House prices fell for the third month in a row during May, marking the worst quarter for the property market since 2009.

Homes in the UK saw 0.2% sliced off their value during the month, leaving the average property costing £208,711, according to Nationwide Building Society.

The annual rate at which prices are growing also eased to 2.1%, the weakest level for nearly four years, as the housing market continued to lose momentum.

The latest price slide comes after property values fell by 0.4% in April and 0.3% in March.

But Nationwide stressed it continued to expect house prices to end 2017 around 2% higher than they started the year.

Why is this happening?

The slowdown in the property market may have been caused by uncertainty due to this month’s General Election.
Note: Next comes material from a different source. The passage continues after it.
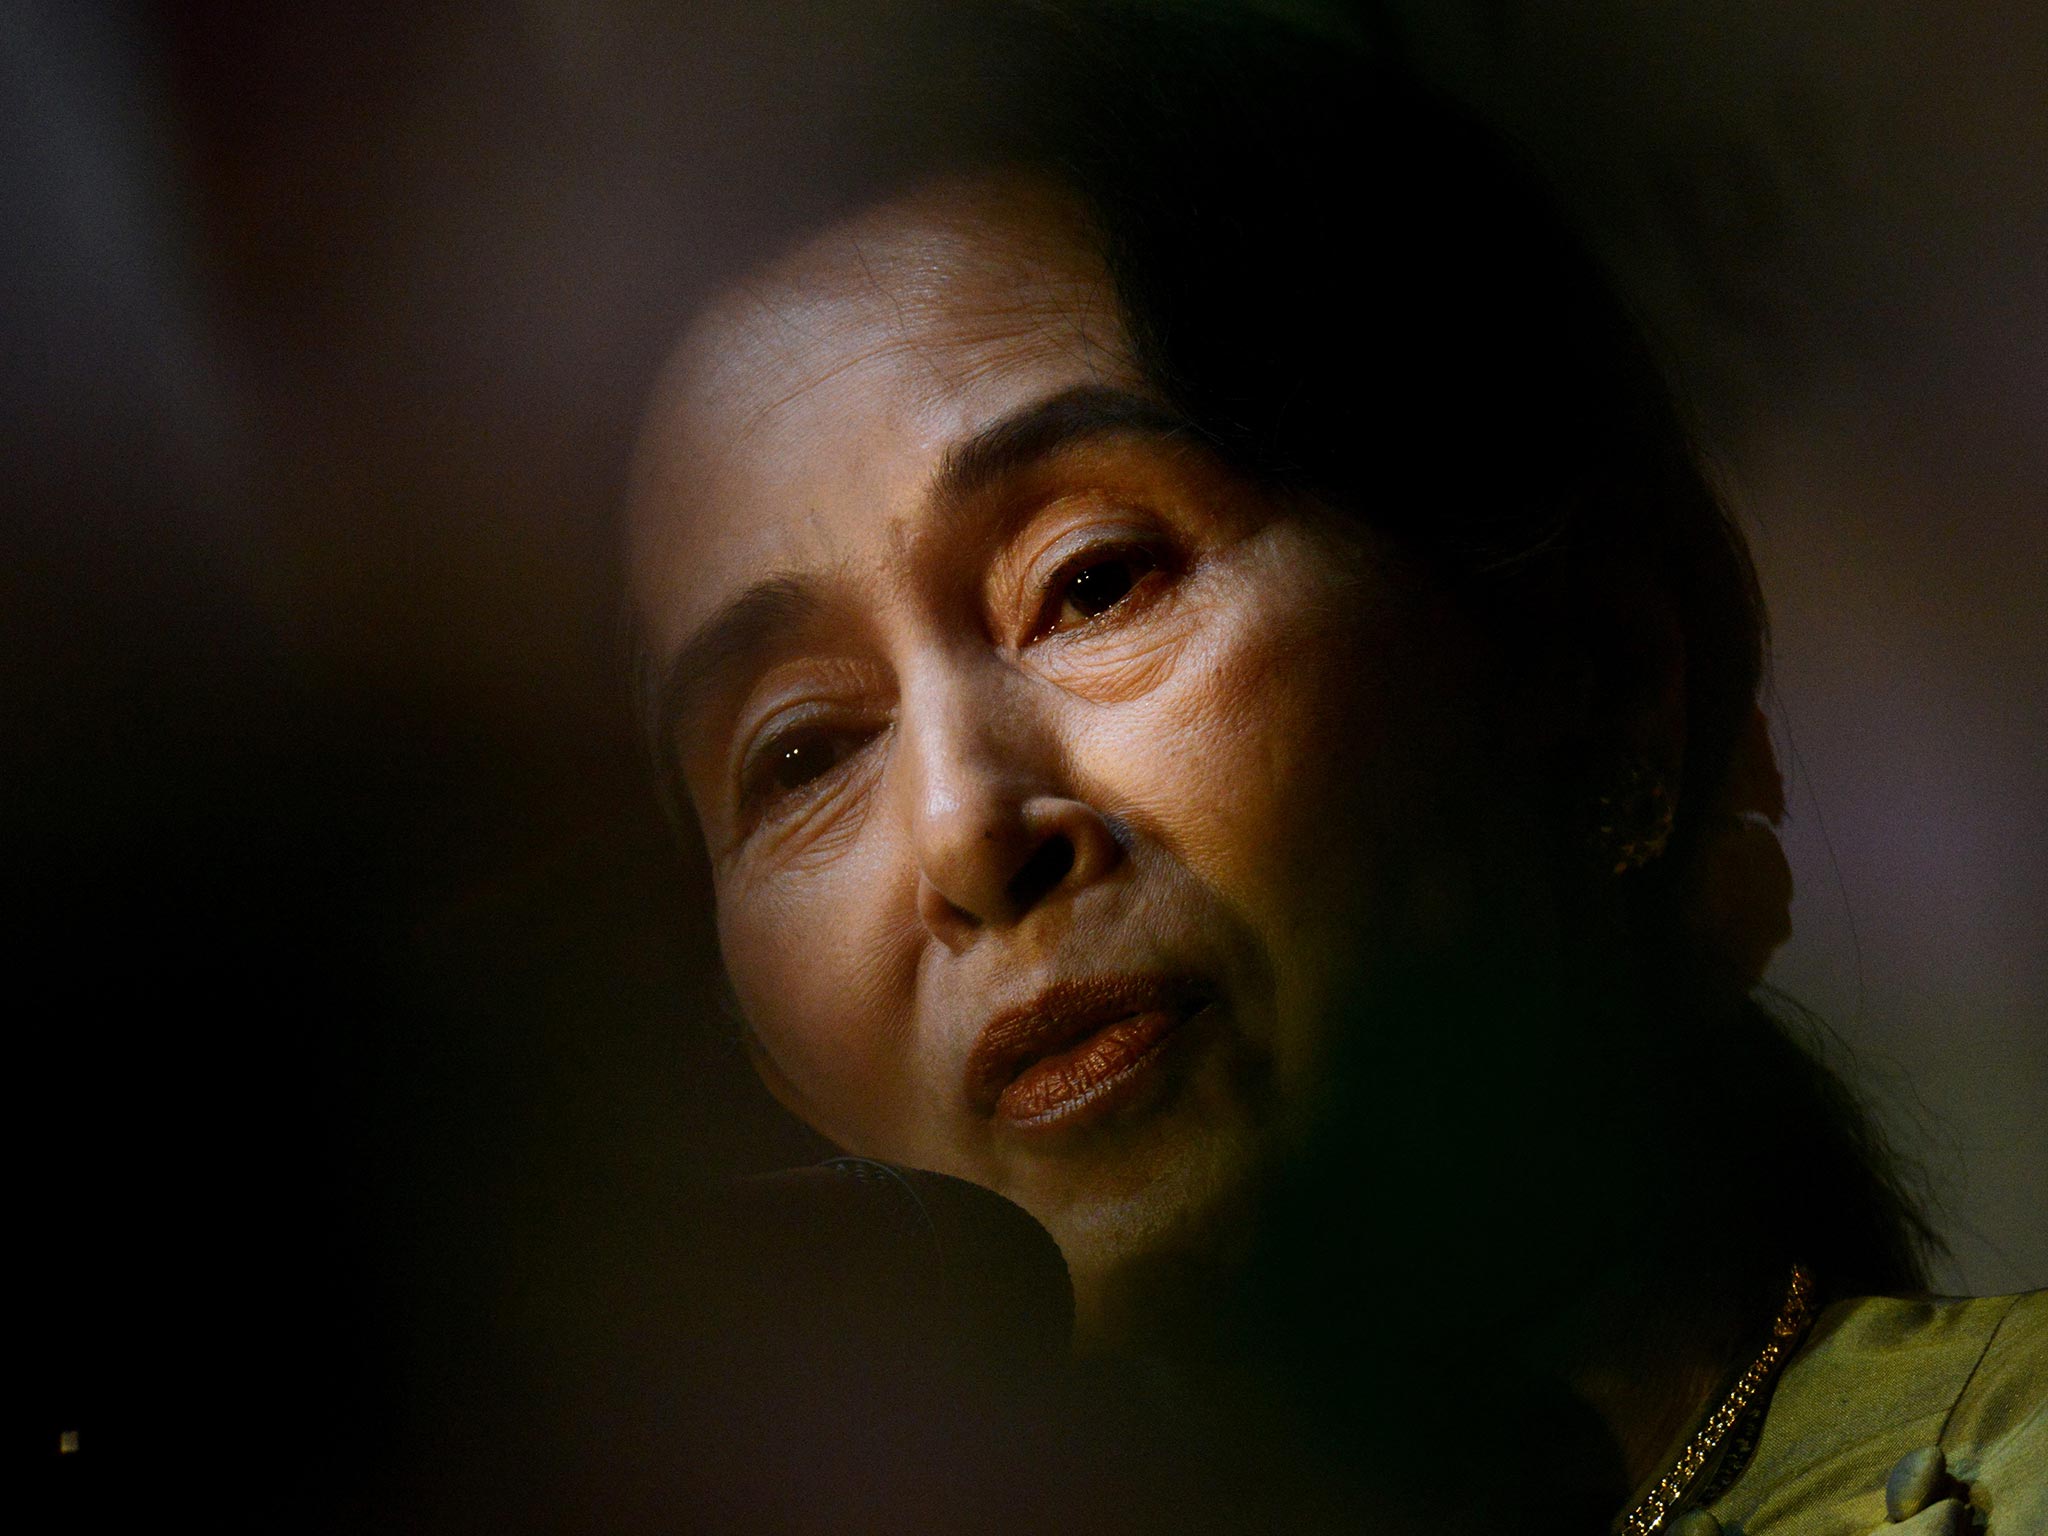 Aung San Suu Kyi has come under intense criticism for her ignorance of the violence towards Rohingya Muslims in Myanmar

But Nationwide pointed out that previous elections had not had much impact on buying and selling decisions.

Instead, it suggested the trend may be indicative of a wider slowdown in the household sector as people feel the pinch from higher inflation.

It could also reflect growing affordability pressures after house prices have increased significantly faster than average earnings in recent quarters.
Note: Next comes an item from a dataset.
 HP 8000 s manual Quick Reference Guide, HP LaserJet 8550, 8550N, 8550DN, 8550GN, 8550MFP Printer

Robert Gardner, Nationwide’s chief economist, said: “It is too early to conclude whether the slowdown in house price growth is merely a blip, a reflection of the impact of the squeeze on household budgets, or is due to mounting affordability pressures in key areas of the country.

Who does it affect?

While the fall in house prices might sound like good news for first-time buyers, it is likely to exacerbate the current stalemate.

The property market has been dogged by a shortage of stock for some time, with the number of homes on estate agents’ books remaining close to record lows.

This lack of choice is prompting existing homeowners to sit on their hands and delay trading up the housing ladder, which in turn leads to fewer properties being put up for sale.

The shortage of homes on the market has created a significant mismatch between supply and demand, which has then forced house prices higher.

Sounds interesting. What’s the background?

Today’s data is the latest in a raft of figures pointing to a slowdown in the housing market.

The Council of Mortgage Lenders said mortgage advances dropped by 11% in April, while the number of homes changing hands fell by 22% in the same month, according to HM Revenue & Customs.

But research by Zoopla found that consumers remained upbeat about the property market’s prospects with nine out of 10 people expecting house prices to rise in the coming six months.

Nationwide said given the current uncertainty about the UK’s future, housing market trends would depend crucially on developments in the wider economy.

But it added that while it expected activity and house price growth to slow in the coming months, in line with an easing in household spending, the subdued level of house building and the shortage of homes for sale were likely to provide support for property prices.